- Born: 6 July 1900 Mussoorie, India
- Died: 11 September 1985 (aged 85) Chevy Chase, Maryland
- Occupations: Psychiatric research scientist and neuroanatomist

= David Rioch =

American psychiatric research scientist and neuroanatomist

David McKenzie Rioch (July 6, 1900 – September 11, 1985) was a psychiatric research scientist and neuroanatomist, known as a pioneer in brain research and for leading the interdisciplinary neuropsychiatry division at the Walter Reed Army Institute of Research (1951–1970), a program that contributed to the formation of the then-nascent field of neuroscience.

W. Maxwell Cowan, Donald H. Harter, and Eric R. Kandel cited "the seminal roles played by David McKenzie Rioch, Francis O. Schmitt, and ... Stephen W. Kuffler in creating neuroscience as we now know it."

== Early life and career ==
Rioch was born in Mussoorie, India, on July 6, 1900. His parents, David and Minnie, were Christian missionaries. He received a bachelor's degree from Butler College in 1920, after which he went on to receive a medical degree from the Johns Hopkins University School of Medicine in 1924. He then trained in surgery at the Peter Bent Brigham Hospital, followed by the Strong Memorial Hospital. In 1928–9, he studied in the Laboratory of Comparative Neurology at the University of Michigan, under a fellowship from the National Research Council, where he began research on the anatomy of mammalian diencephalons, research that he continued in 1929 at Oxford University. In these studies, he demonstrated in detail for the first time how the forebrains of dogs and cats are more complex than those of rodents. Rioch was associate professor of anatomy at Harvard Medical School from 1931 to 1938. He became professor of neurology and chairman of the Department of Neuropsychiatry at the Washington University School of Medicine from 1938 to 1943. He also spent one year at the Institute for Advanced Study in Princeton, New Jersey. In 1943, during World War II, he became director of research at the Chestnut Lodge psychiatric hospital in Rockville, Maryland, jointly with leading the Washington School of Psychiatry, positions he held until 1951.

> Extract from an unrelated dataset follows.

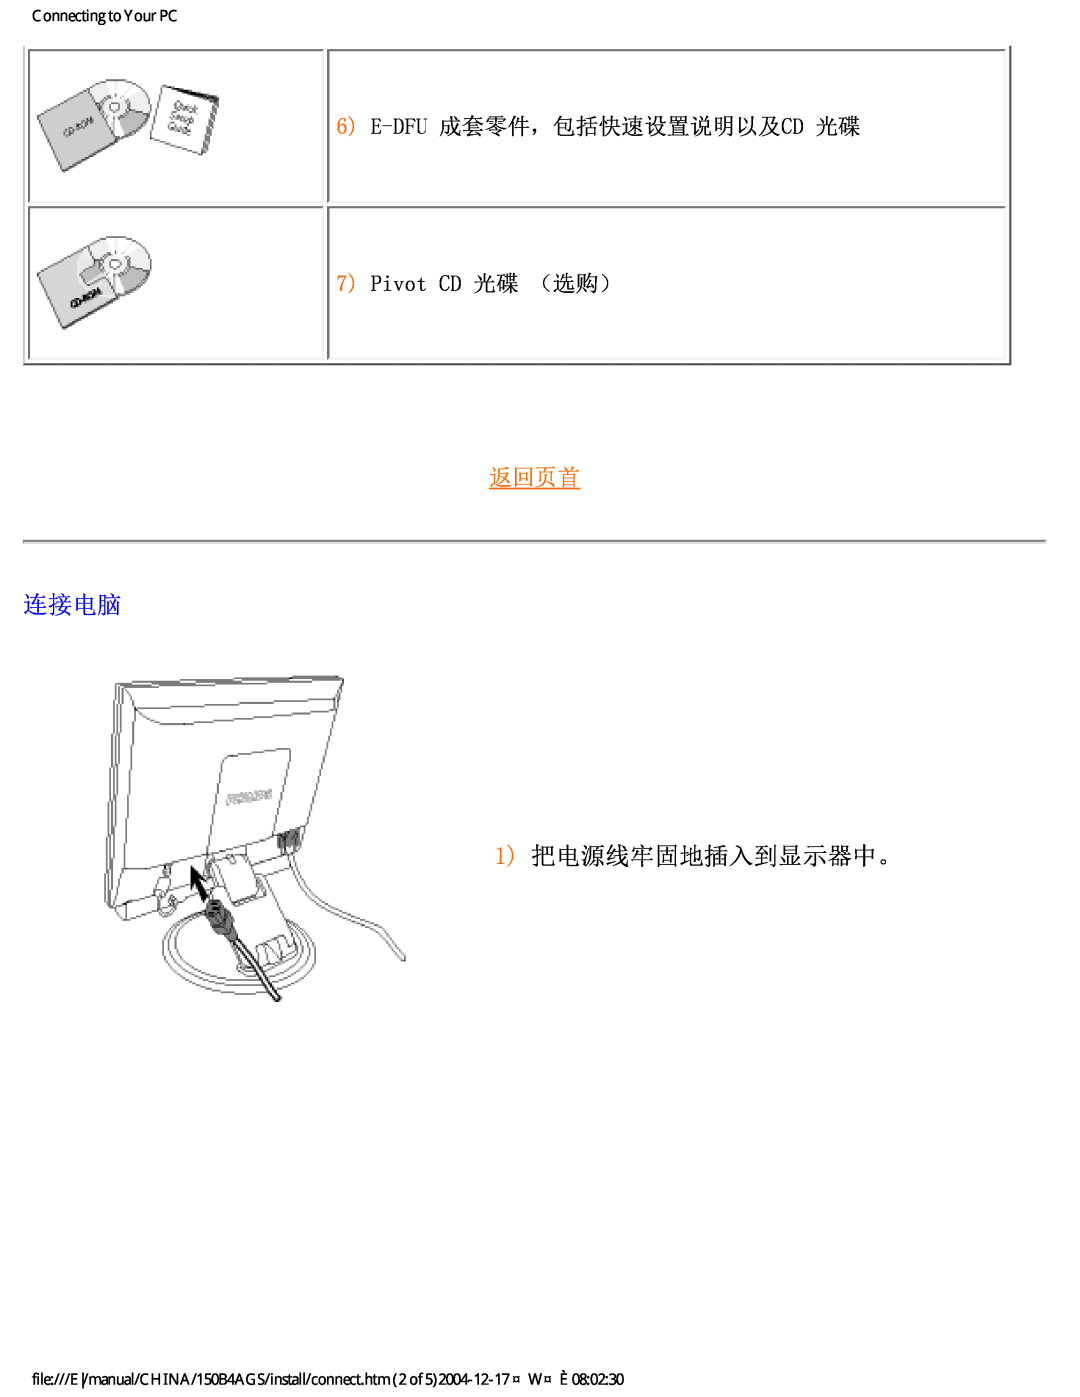 Philips 150B4AG, 150B4AS user manual 1 把电源线牢固地插入到显示器中。, 连接电脑, 返回页首, Connecting to Your PC

== Walter Reed Army Institute of Research ==
From 1951 until his retirement in 1970, Rioch served as the founding director of the Division of Neuropsychiatry at the Water Reed Army Institute of Research. During his tenure, Rioch particularly studied the relationship between stress and major depressive disorder, and he emphasized the use of basic anatomical and physiological methods in informing psychiatric research on human behavior. Rioch also established connections between reproductive physiology and neurophysiology in the primate brain. His clinical psychiatric interests were heavily influenced by Harry Stack Sullivan, and during the Korean War, he personally observed the stress experienced by combat troops during the Battle of Pork Chop Hill. Rioch's division was the precursor to the National Institute of Mental Health, under the leadership of Rioch's student, Joseph V. Brady. After retiring in 1970, Rioch continued to give guest lectures at Johns Hopkins, the University of Chicago, and the Uniformed Services University of the Health Sciences, and served as a senior scientist at the Institute for Behavioral Research in Silver Spring, Maryland.

Cowan, Harter, and Kandel argue that Rioch paved the way for the development of neuroscience as a scientific discipline in the 1950s, when he helped create one of the first interdisciplinary psychiatric research programs at Walter Reed, composed of two interacting groups of scientists, a behavioral group and a brain group. David Hubel has written that "In the neuropsychiatry division, David Rioch had assembled a broad and lively group of young neuroscientists ... the focus was on the entire nervous system, not on a subdivision of biological subject matter based on methods."

== Personal life ==
Rioch married clinical psychologist Margaret Jeffrey Rioch in 1938. In the 1960s, they lived in the suburb of Somerset, Maryland, sometimes referred to jokingly as the "Freudian Village" or "Little Vienna" due to the high number of psychiatrists in the neighborhood. Margaret practiced psychology out of a custom office in their home while he worked at Walter Reed. Rioch died at home in Chevy Chase, Maryland, on September 11, 1985, following heart problems.